A recent exhibit at Agnes Etherington Art Centre at Queen’s University curated by Jason Cyrus, a researcher who analyzes fashion and textile history, examined slavery and North American cotton production.

Agnes Etherington Art Centre: “Black Bodies, White Gold: Unpacking slavery and North American cotton production”

Laundry labour of enslaved women

The skilled labour of enslaved women was a core component of every plantation and an essential colonial urban trade, given the resident population and many thousands of seafarers and sojourners arriving annually in the Caribbean — all wanting clothes refreshed.

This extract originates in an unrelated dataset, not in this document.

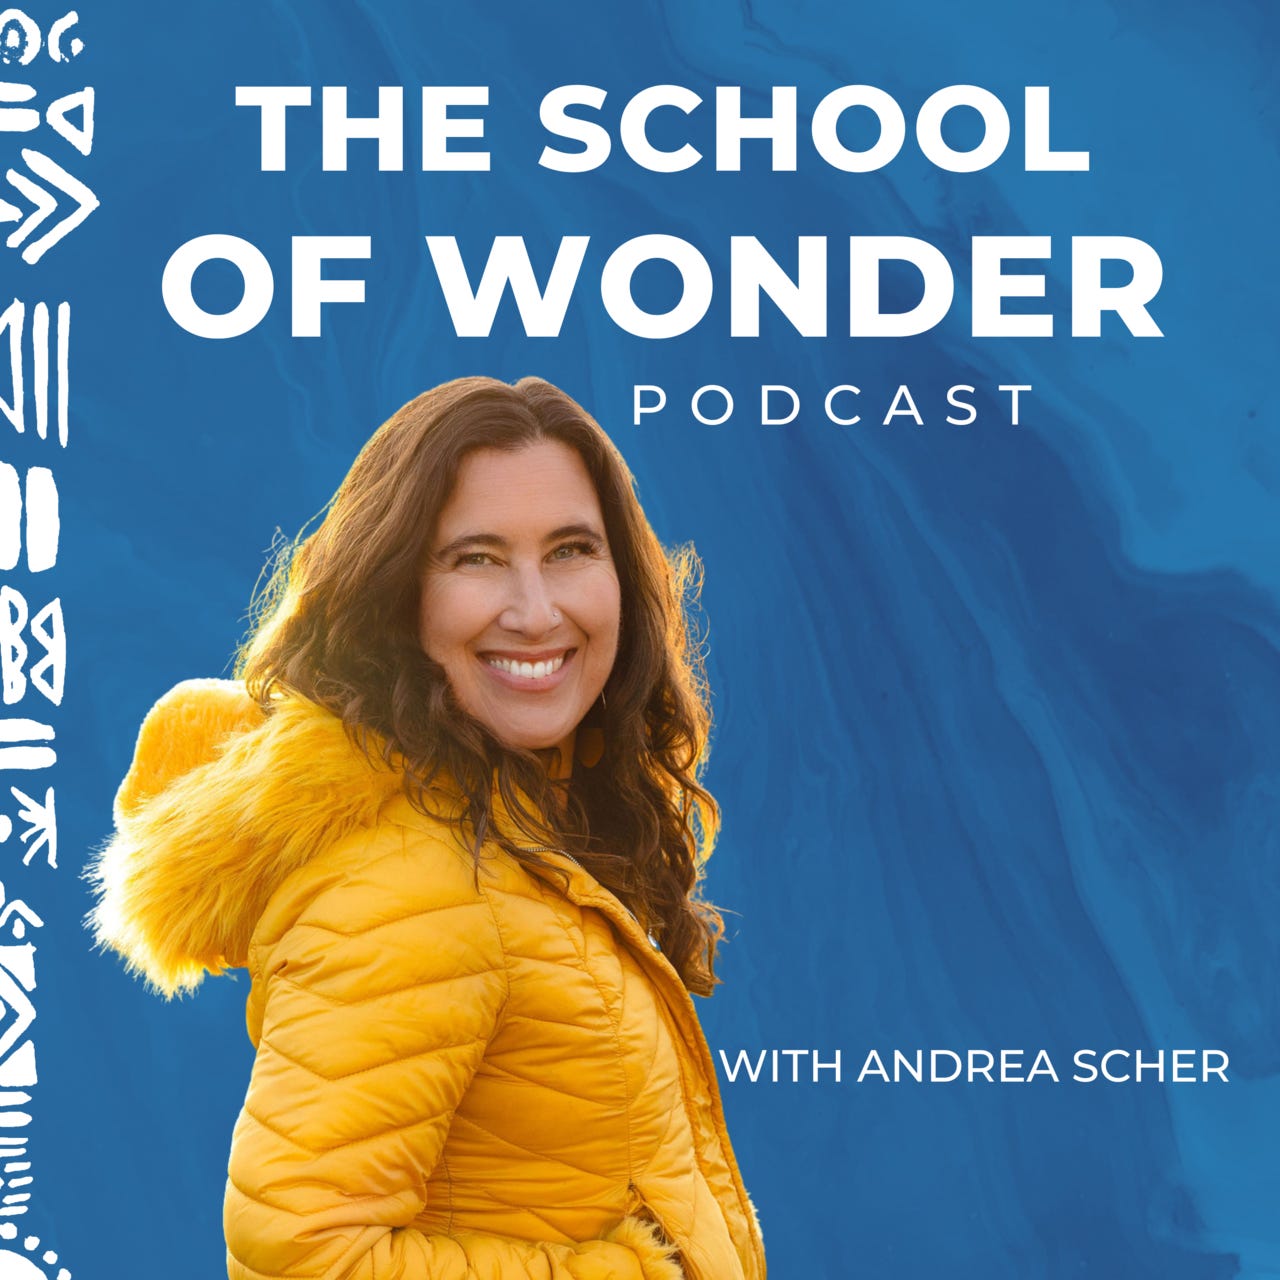 The School of Wonder with Andrea Scher

Ports throughout the Atlantic were stocked with wash tubs and women labouring over them. Orderly material whiteness was the aim. Mary Prince recorded her thoughts about a demanding mistress in Antigua, who gave the enslaved Prince weekly “two bundles of clothes, as much as a boy could help me lift; but I could give no satisfaction.”

Prince only earned money laundering for ships’ captains during her “owners’” absence. Within port cities, including the Caribbean and imperial centres, this trade allowed some enslaved women mobility and sometimes self-emancipation. But fashioning whiteness was a fraught process, with many historical threads.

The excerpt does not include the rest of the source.